Tidak salah memberikan uang sekadar untuk memecahkan masalah "lapar" sang insan saat itu, tapi akan lebih baik lagi diimbangi dengan langkah memberikan "pancing" kepada sang individu. "Pancing" di sini bisa berupa memberikan pelatihan keterampilan kepada orang tersebut, supaya dia bisa menghasilkan pendapatan sendiri yang bisa memenuhi kebutuhan hidupnya.Â
Pemerintah sudah cukup banyak menyediakan kesempatan bagi orang-orang yang terkena pemutusan hubungan kerja (PHK); atau insan-insan yang masih belum mendapat pekerjaan, khususnya lulusan SMA yang belum mempunyai keterampilan yang spesifik. Kesempatan yang disediakan berupa pelatihan keterampilan secara gratis yang diberikan melalui Balai Latihan Kerja (BLK) dan disosialisasikan melalui Rukun Tetangga (RT) yang ada di kota tersebut.
Memang, ini menjadi tanggung jawab ketua RT yang terbilang berat dalam mendata warga-warganya yang membutuhkan pelatihan keterampilan demi keberlangsungan hidup para warga. Harapannya, tidak ada lagi warga yang berada di bawah garis kemiskinan dan menemui kesulitan dalam memenuhi kebutuhan hidup, karena mereka sudah mempunyai keterampilan sehingga mereka bisa mandiri, tidak tergantung pada keluarga atau orang lain.
3. Jangan menghakimi karena kita tidak tahu permasalahan orang tersebut
"Masih sehat, punya kaki lengkap, tangan ada dua, mata bisa melihat, bisa bicara, telinga dapat mendengar, kok jadi pengemis?"

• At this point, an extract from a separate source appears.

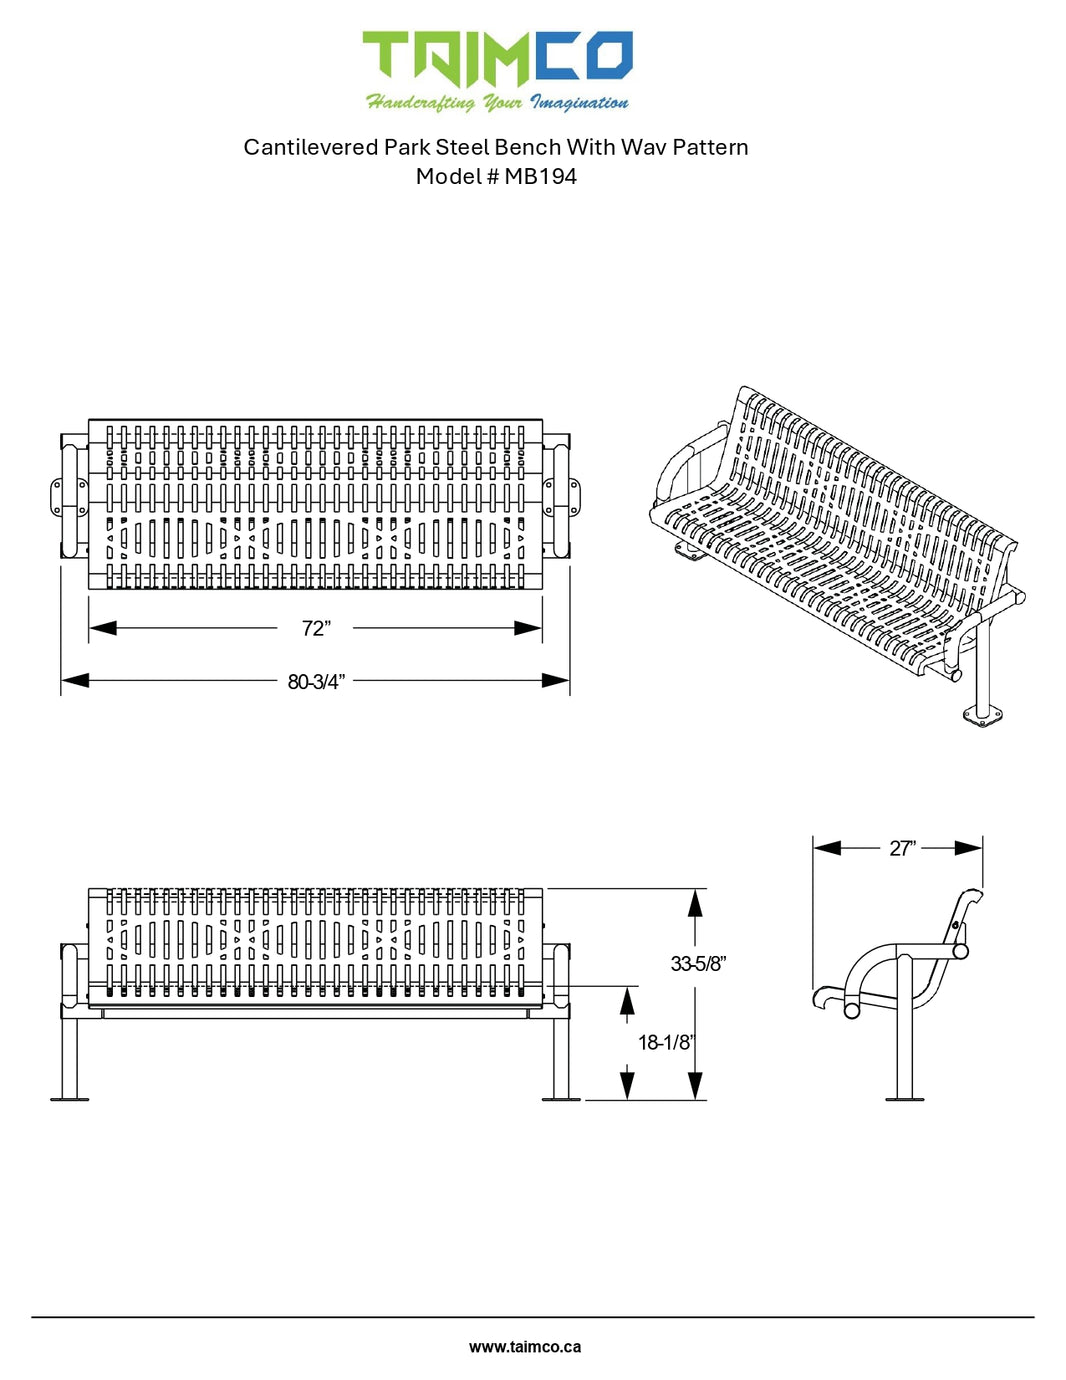 Cantilevered Park Steel Bench with wav pattern | Model # MB194

Saya pernah mendengar salah seorang rekan guru yang menegur seorang pengemis yang datang ke sekolah kami dan meminta uang sekadar penghilang rasa lapar.
Saya tidak berkomentar saat itu, namun menurut saya, tindakan menghakimi tersebut tidaklah tepat.
Meskipun secara fisik, orang-orang yang menjadi pengemis tersebut sempurna secara fisik, namun kita tidak tahu apa yang melatarbelakangi mereka sehingga mereka menjadi pengemis. Yang jelas, mereka tidak mempunyai privilege atau keunggulan seperti: berasal dari keluarga kaya, mendapatkan warisan uang berjuta-juta, dan lain sebagainya.
Rekan guru tadi, sebut saja Gina, berasal dari keluarga kaya. Kehidupannya pun berada karena menikah dengan seorang dosen yang mempunyai kedudukan tinggi di perguruan tinggi ternama di Samarinda. Saya yakin dia tidak pernah mengalami kondisi keuangan yang minim. Hidupnya selalu berkecukupan. Dan dalam keseharian, kami, rekan-rekan guru, melihat tutur kata dan perilaku Gina terkesan glamor dan tinggi hati dengan status sosialnya.
Secara pribadi, saya pernah berada dalam posisi kesulitan keuangan waktu masih indekos. Makan cuma sekali sehari pernah saya lakoni demi mencukupkan honor mengajar selama sebulan yang tidak seberapa. Jadi, saya sangat mengerti jika ada pengemis yang datang meminta-minta meskipun anggota tubuh lengkap secara fisik, karena kalau sudah perut lapar, bagaimana bisa berpikir kreatif untuk mencari kerja? Perut menuntut segera diisi.
Sedapat mungkin ajak bicara pengemis tersebut. Berikan empati kepada mereka karena sangat jarang mereka mendapat perhatian dari berbagai kalangan. Jangankan perhatian, suara mereka pun mungkin tidak didengar.
Terkadang, dengan mendengarkan mereka, kisah mereka, kita bisa belajar satu hal, bahwa kita mungkin kurang bersyukur selama ini. Kita merasa hidup kita malang dan menyedihkan, padahal ada yang lebih menderita dan menyakitkan hidupnya dibanding hidup kita.